# Croatian customs prevent smuggling of 715 Turtles



## Cowboy_Ken (Dec 3, 2016)

Croatian customs prevent smuggling of 715 Turtles
Translated from another news article from Croatia. 
Seems like most were T. hermanni but also some M. rivulata and T. Marginata. Apparently they were supposed to go to Hungary.

By Associated Press 11/24/16-ZAGREB, Croatia — Croatian customs authorities say they have prevented the smuggling of 715 live turtles, a protected species in the European Union’s newest member state.

Authorities say the discovery was made Thursday in the Zupanja area, near the border with Bosnia. They say it is the biggest single seizure of live animals in Croatia.

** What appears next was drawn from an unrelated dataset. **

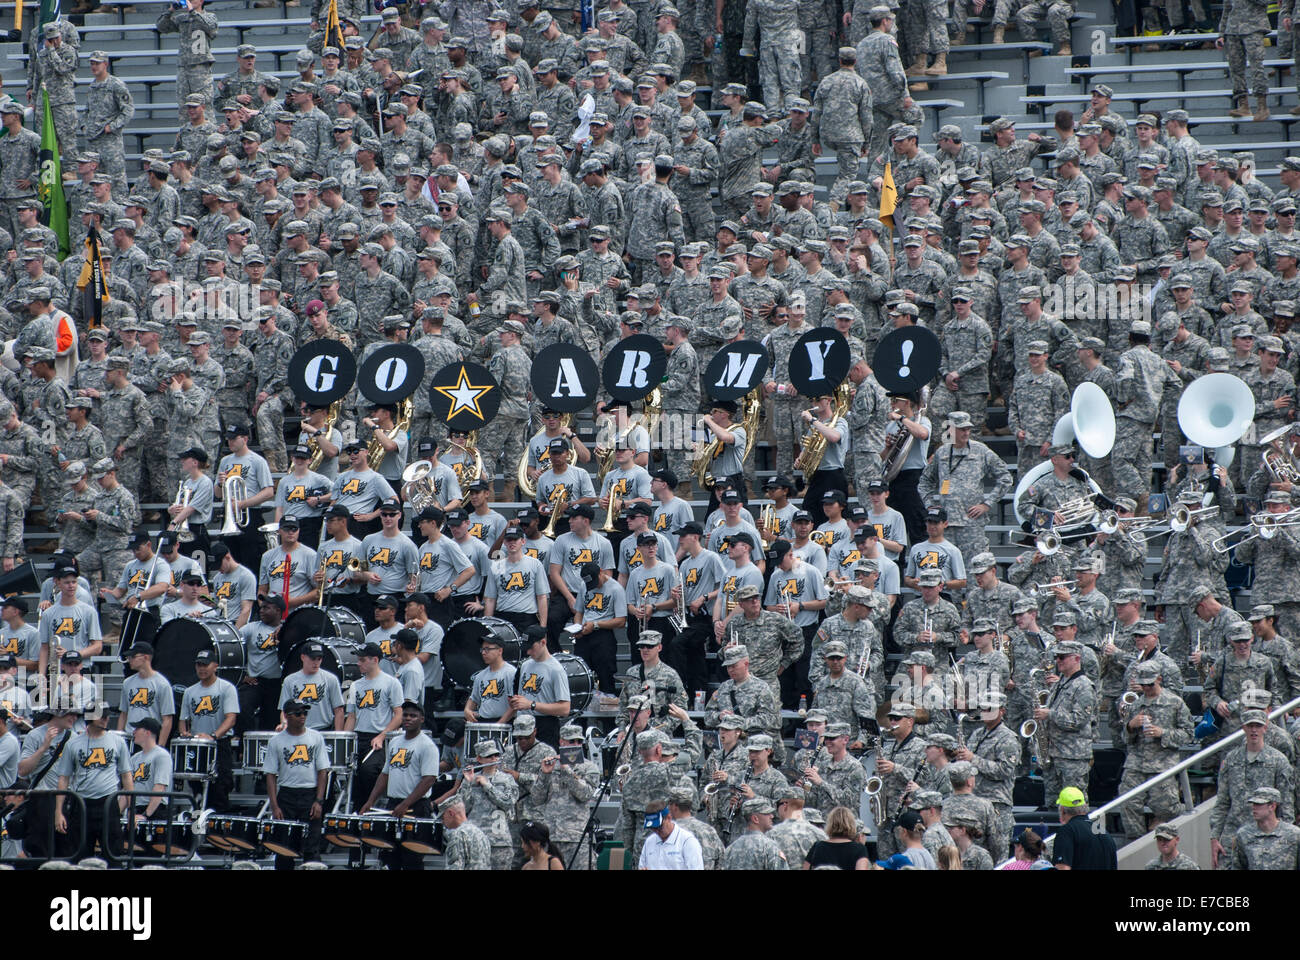 Una academia militar de los Estados Unidos partido de fútbol jugado en Mitchi Stadium en West Point, NY Foto de stock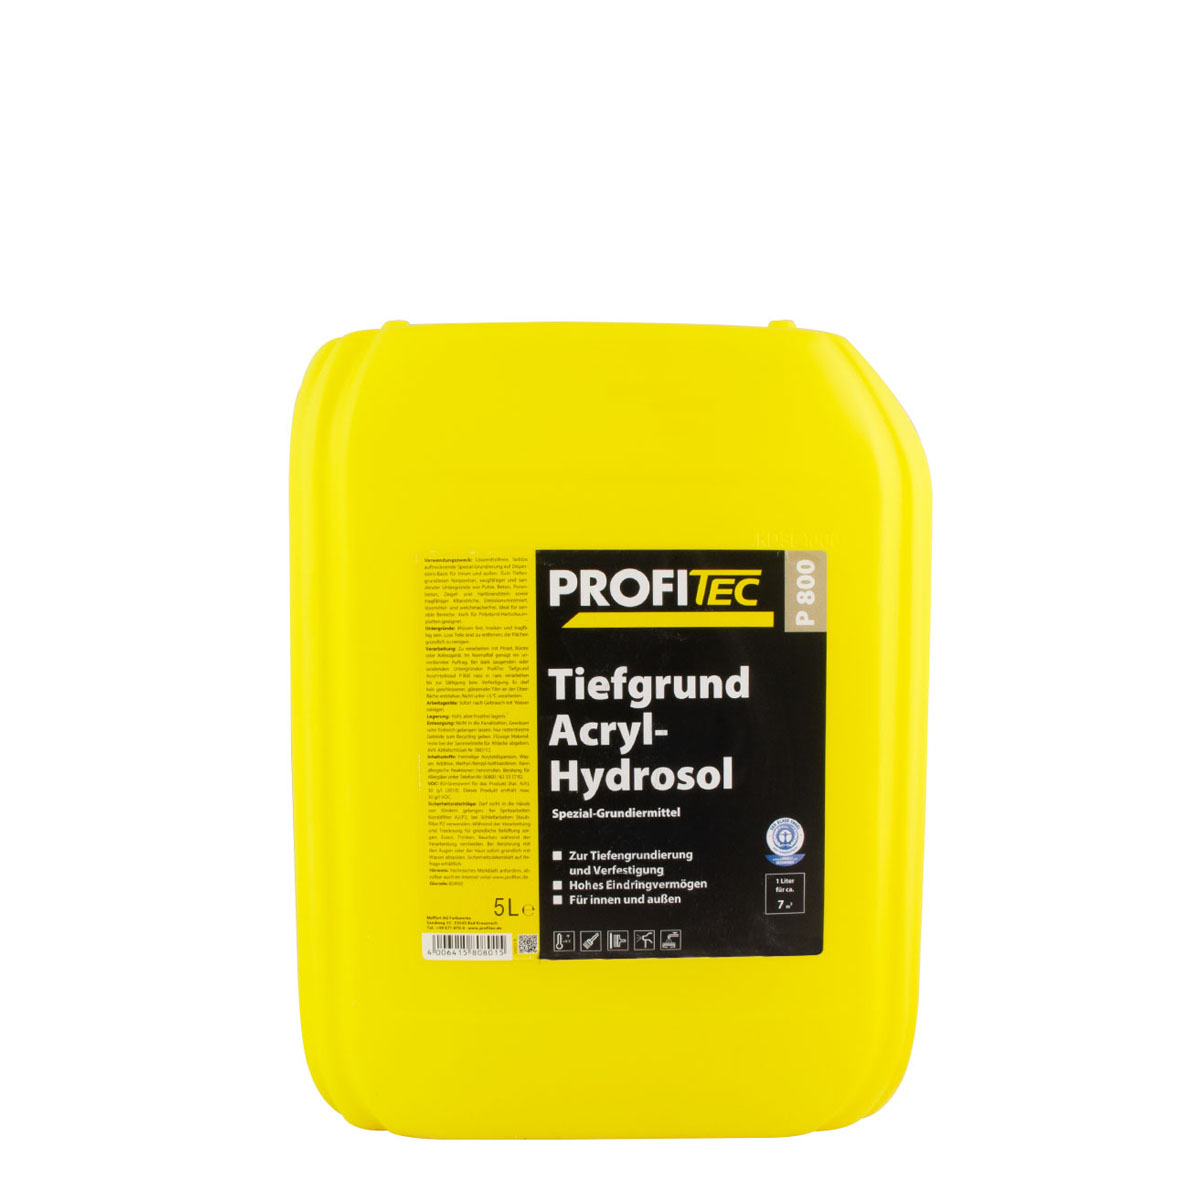 Profitec P800 Tiefgrund Acryl-Hydrosol 5L, Tiefengrund

No other details were available. Smuggling of rare or protected animals has flourished in the impoverished Balkans in the aftermath of the wars in the 1990s.


----------



## domagoj (Dec 3, 2016)

I just think it's sad. I'm from Croatia and went through a lot of research and waited for a long time to get my tortoise legally. Its the best decision I ever made. Our government should really do something about stuff like that. Not just stopping them at customs but also protecting them in nature. Many of theese confiscated animals live in poor conditions afterwards because most of them are never returned to the wild.


----------